The forecast and realized slots take numeric vectors. In the forecast slot we see the forecast that was made at each origin time and in the realized slot we see the true value that was realized at each future time. The realized values may not exist yet, so this slot may be partially populated or not populated at all. If the realized slot is set to NULL then it will be populated with a vector of NA values.
The Forecast class strikes a balance between simplicity and rigor. It is simple enough to store any numeric forecast, but it is rigorous enough to create a useful data structure. For example, we can quickly calculate the MSE or RMSE of the Forecast object we created above with only one argument.
mse(my_forecast)
#> [1] 0.09665
rmse(my_forecast)
#> [1] 0.3108858Because the forecast and realized slots must be numeric vectors, and all slots must be of the same length, we do not have to worry about input validation or coercing multiple vectors to the correct format when calculating MSE or RMSE.
MSE is calculated as:
\[ \hspace{8.45cm} n = \text{forecast vector length}\\[.20cm] MSE = \frac{1}{n} \sum_{i=1}^{n}{(Y_i - \hat{Y_i})^2} \qquad \text{where} \quad Y_i = \text{realized values} \\ \hspace{7.3cm} \hat{Y_i} = \text{forecast values} \]
RMSE is calculated as: \[ RMSE = \sqrt{MSE} \]
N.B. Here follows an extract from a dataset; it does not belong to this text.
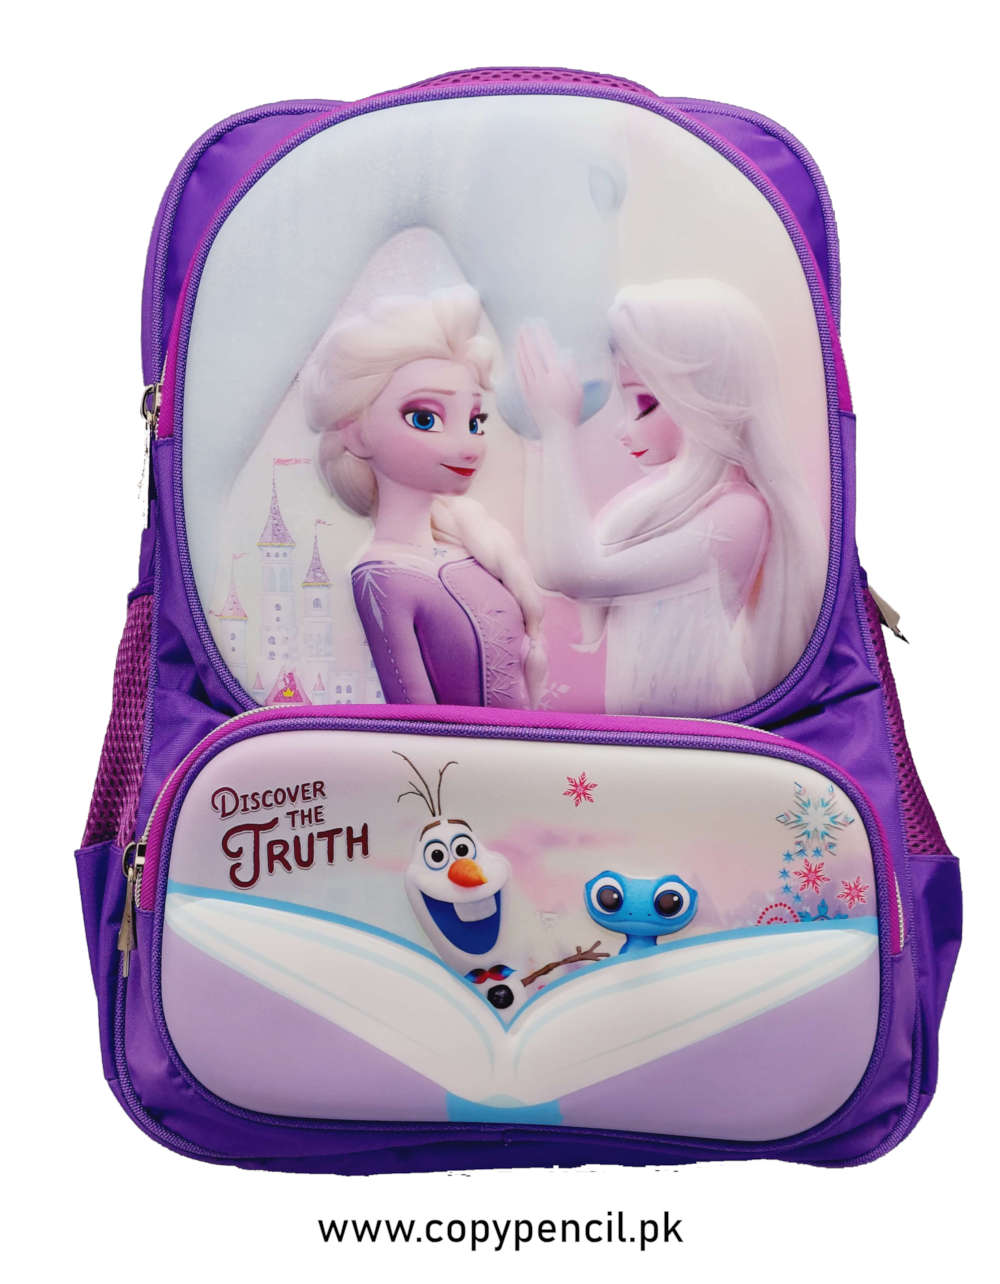 Frozen Themed Backpack For Kids Disney Bag For Girls

Note that these equations require two inputs, but because both inputs are already stored in the Forecast object we only need to pass one argument to the mse() and rmse() functions. Calculating forecast accuracy is a simple use case of the Forecast class. More complex use cases exist in the lmForc package, where many of the functions require inputs to be of the Forecast class. When weighting multiple forecasts or testing a linear model that is conditional on another forecast, the consistent structure of the class results in simple functions that execute correctly, no matter the type of forecast passed to the function. Furthermore, all lmForc functions return objects of the Forecast class which creates synergy between functions. One can take two linear models, test their performance out-of-sample with the oos_realized_forc() function which returns Forecast objects, and then pass these two objects to the mse_weighted_forc() function to find the weighted out-of-sample performance of both models.
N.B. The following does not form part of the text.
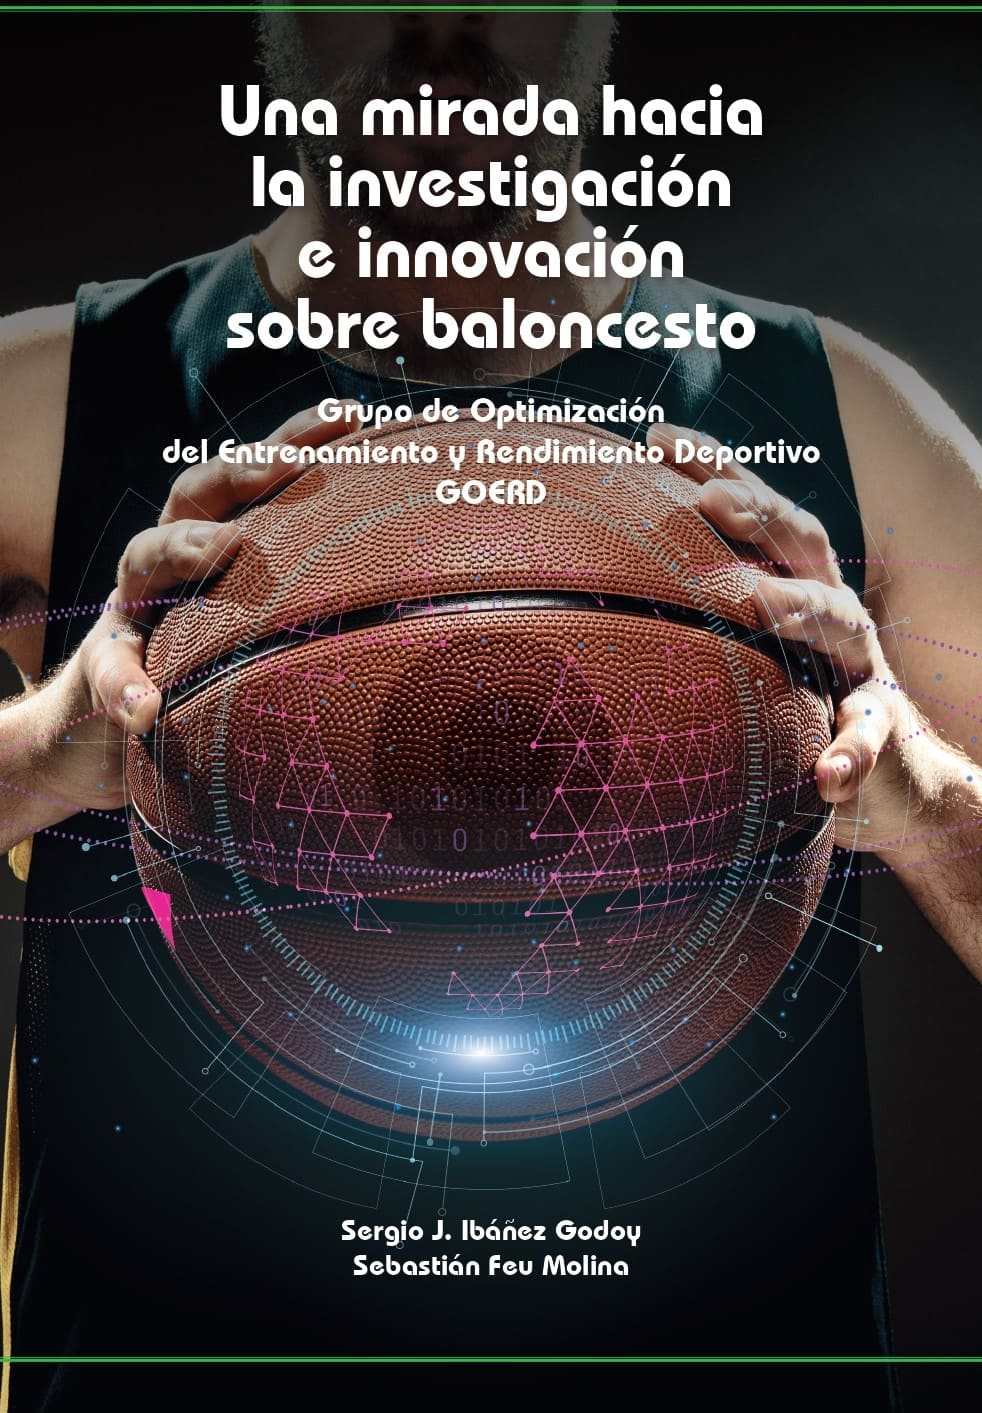 Imagen de portada del libro Una mirada hacia la investigación e innovación sobre baloncesto

One fear may be that the novel Forecast class will not play well with functions and packages that already exist in the R language. The lmForc package provides methods for accessing all of the vectors stored in a Forecast object as well as the collect() function which returns one or multiple Forecast objects as a data frame. With these methods, one can easily pass the data in a Forecast object to other functions.
collect(my_forecast)
#> origin future my_forecast realized
#> 1 2010-03-31 2011-03-31 4.21 4.40
#> 2 2010-06-30 2011-06-30 4.27 4.45
#> 3 2010-09-30 2011-09-30 5.32 4.87
#> 4 2010-12-31 2011-12-31 5.11 4.77
origin(my_forecast)
#> [1] "2010-03-31" "2010-06-30" "2010-09-30" "2010-12-31"
future(my_forecast)
#> [1] "2011-03-31" "2011-06-30" "2011-09-30" "2011-12-31"
forc(my_forecast)
#> [1] 4.21 4.27 5.32 5.11
realized(my_forecast)
#> [1] 4.40 4.45 4.87 4.77Examples throughout the rest of the vignette will use a stylized dataset with a date column of ten quarterly dates, a dependent variable y, and two independent variables x1 and x2. Equations are also written in terms of the variables y, x1, and x2.
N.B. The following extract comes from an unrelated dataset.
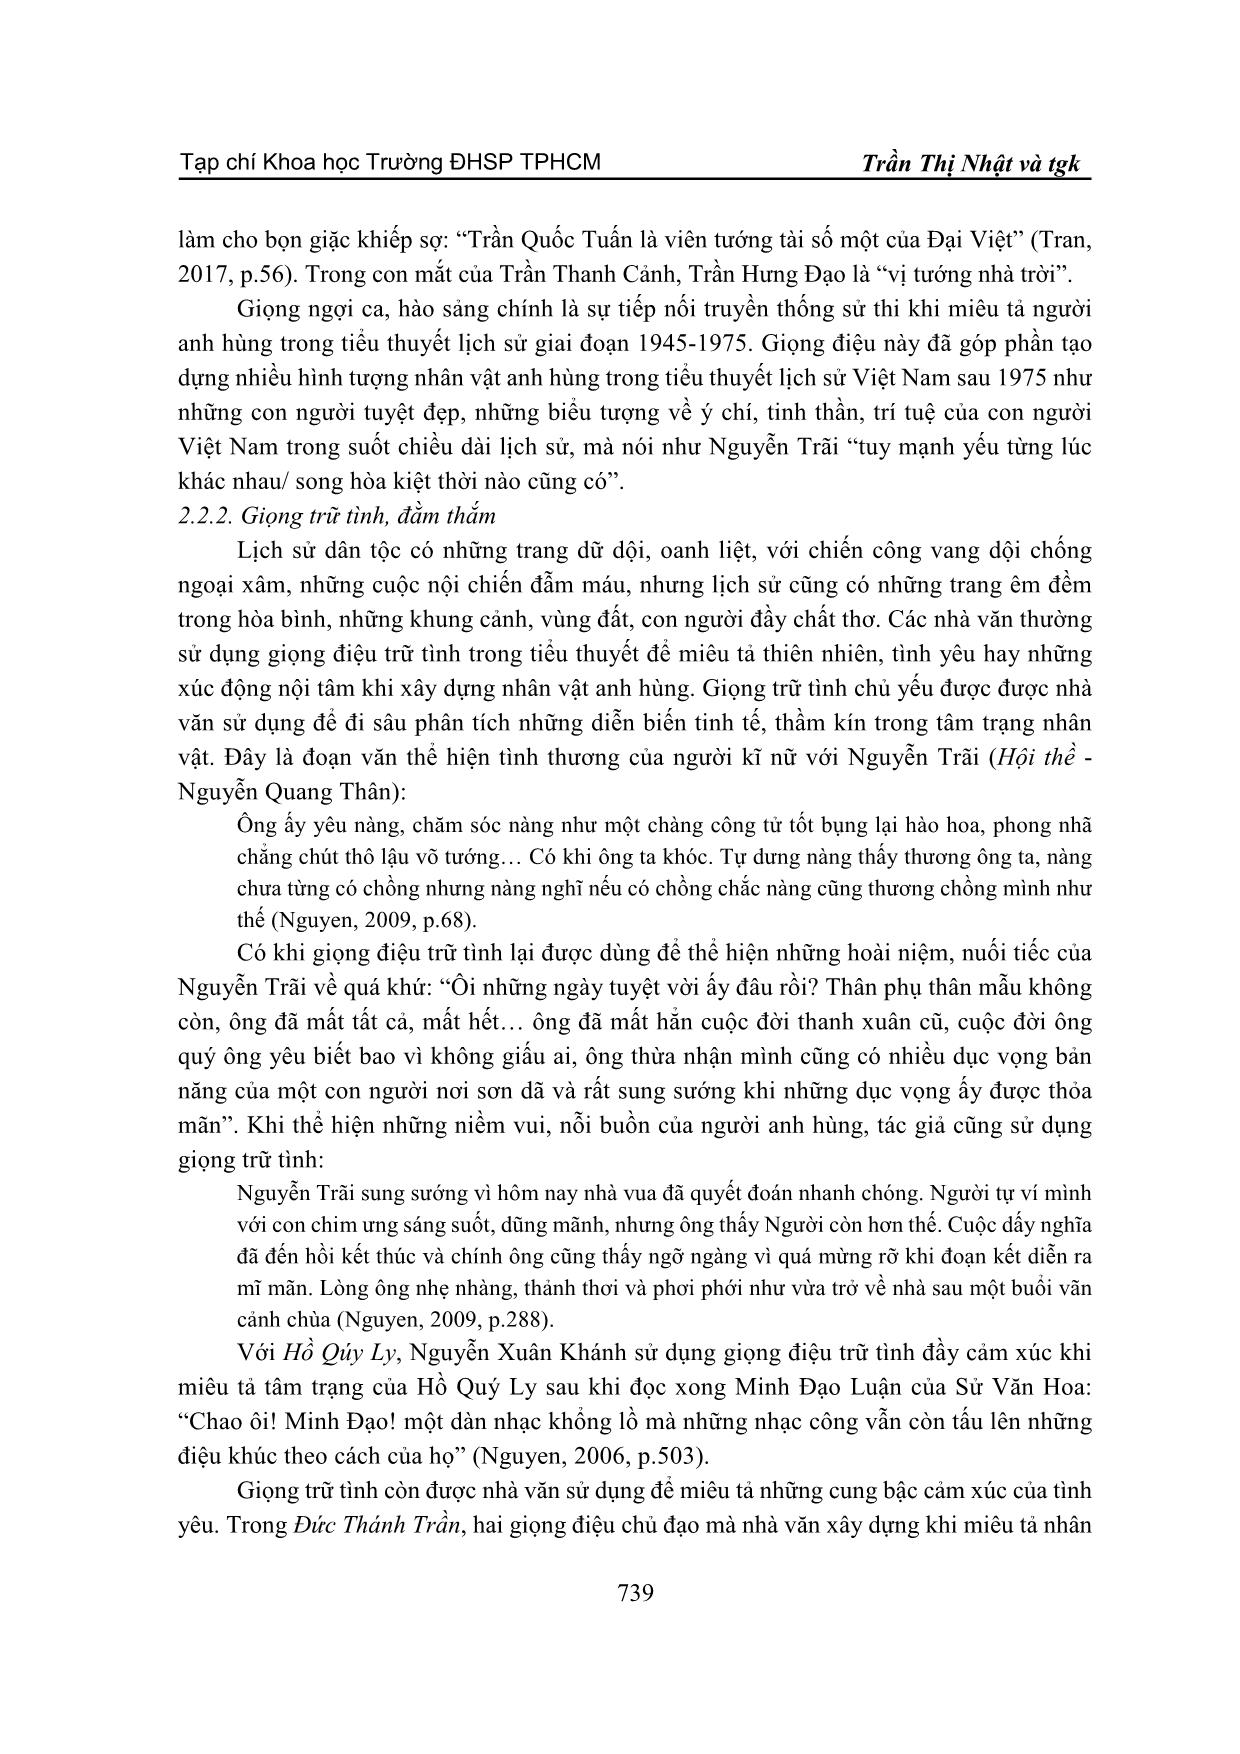 Điểm nhìn và giọng điệu trần thuật khi miêu tả nhân vật anh hùng trong tiểu thuyết lịch sử Việt Nam sau 1975 trang 9

date <- as.Date(c("2010-03-31", "2010-06-30", "2010-09-30", "2010-12-31",
"2011-03-31", "2011-06-30", "2011-09-30", "2011-12-31",
"2012-03-31", "2012-06-30"))
y <- c(1.09, 1.71, 1.09, 2.46, 1.78, 1.35, 2.89, 2.11, 2.97, 0.99)
x1 <- c(4.22, 3.86, 4.27, 5.60, 5.11, 4.31, 4.92, 5.80, 6.30, 4.17)
x2 <- c(10.03, 10.49, 10.85, 10.47, 9.09, 10.91, 8.68, 9.91, 7.87, 6.63)
data <- data.frame(date, y, x1, x2)
head(data)
#> date y x1 x2
#> 1 2010-03-31 1.09 4.22 10.03
#> 2 2010-06-30 1.71 3.86 10.49
#> 3 2010-09-30 1.09 4.27 10.85
#> 4 2010-12-31 2.46 5.60 10.47
#> 5 2011-03-31 1.78 5.11 9.09
#> 6 2011-06-30 1.35 4.31 10.91The is_forc() function produces an in-sample forecast based on a linear model. The function takes a linear model call and an optional vector of time data associated with the linear model as inputs. The linear model is estimated once over the entire sample period and the coefficients are multiplied by the realized values in each period of the sample. This is functionally identical to the predict() function in the stats package, but it returns a Forecast object instead of a numeric vector.
For all observations i in the sample, coefficients are estimated as:
\[ Y_i = \beta_0 + \beta_1 X1_i + \beta_2 X2_i + \epsilon_i \qquad \text{for all } i \] And forecasts are estimated as:
\[ forecast_i = \beta_0 + \beta_1 X1_i + \beta_2 X2_i \qquad \]
is_forc(
lm_call = lm(y ~ x1 + x2, data),
time_vec = data$date
)
#> h_ahead = 0
#>
#> origin future forecast realized
#> 1 2010-03-31 2010-03-31 1.394370 1.09
#> 2 2010-06-30 2010-06-30 1.138708 1.71
#> 3 2010-09-30 2010-09-30 1.423339 1.09
#> 4 2010-12-31 2010-12-31 2.358107 2.46
#> 5 2011-03-31 2011-03-31 2.024964 1.78
#> 6 2011-06-30 2011-06-30 1.450924 1.35
#> 7 2011-09-30 2011-09-30 1.894861 2.89
#> 8 2011-12-31 2011-12-31 2.502394 2.11
#> 9 2012-03-31 2012-03-31 2.867846 2.97
#> 10 2012-06-30 2012-06-30 1.384488 0.99Note that because we are creating an in-sample forecast, h_ahead is set to 0 and the origin time equals the future time. This test evaluates how well a linear forecast model fits the historical data.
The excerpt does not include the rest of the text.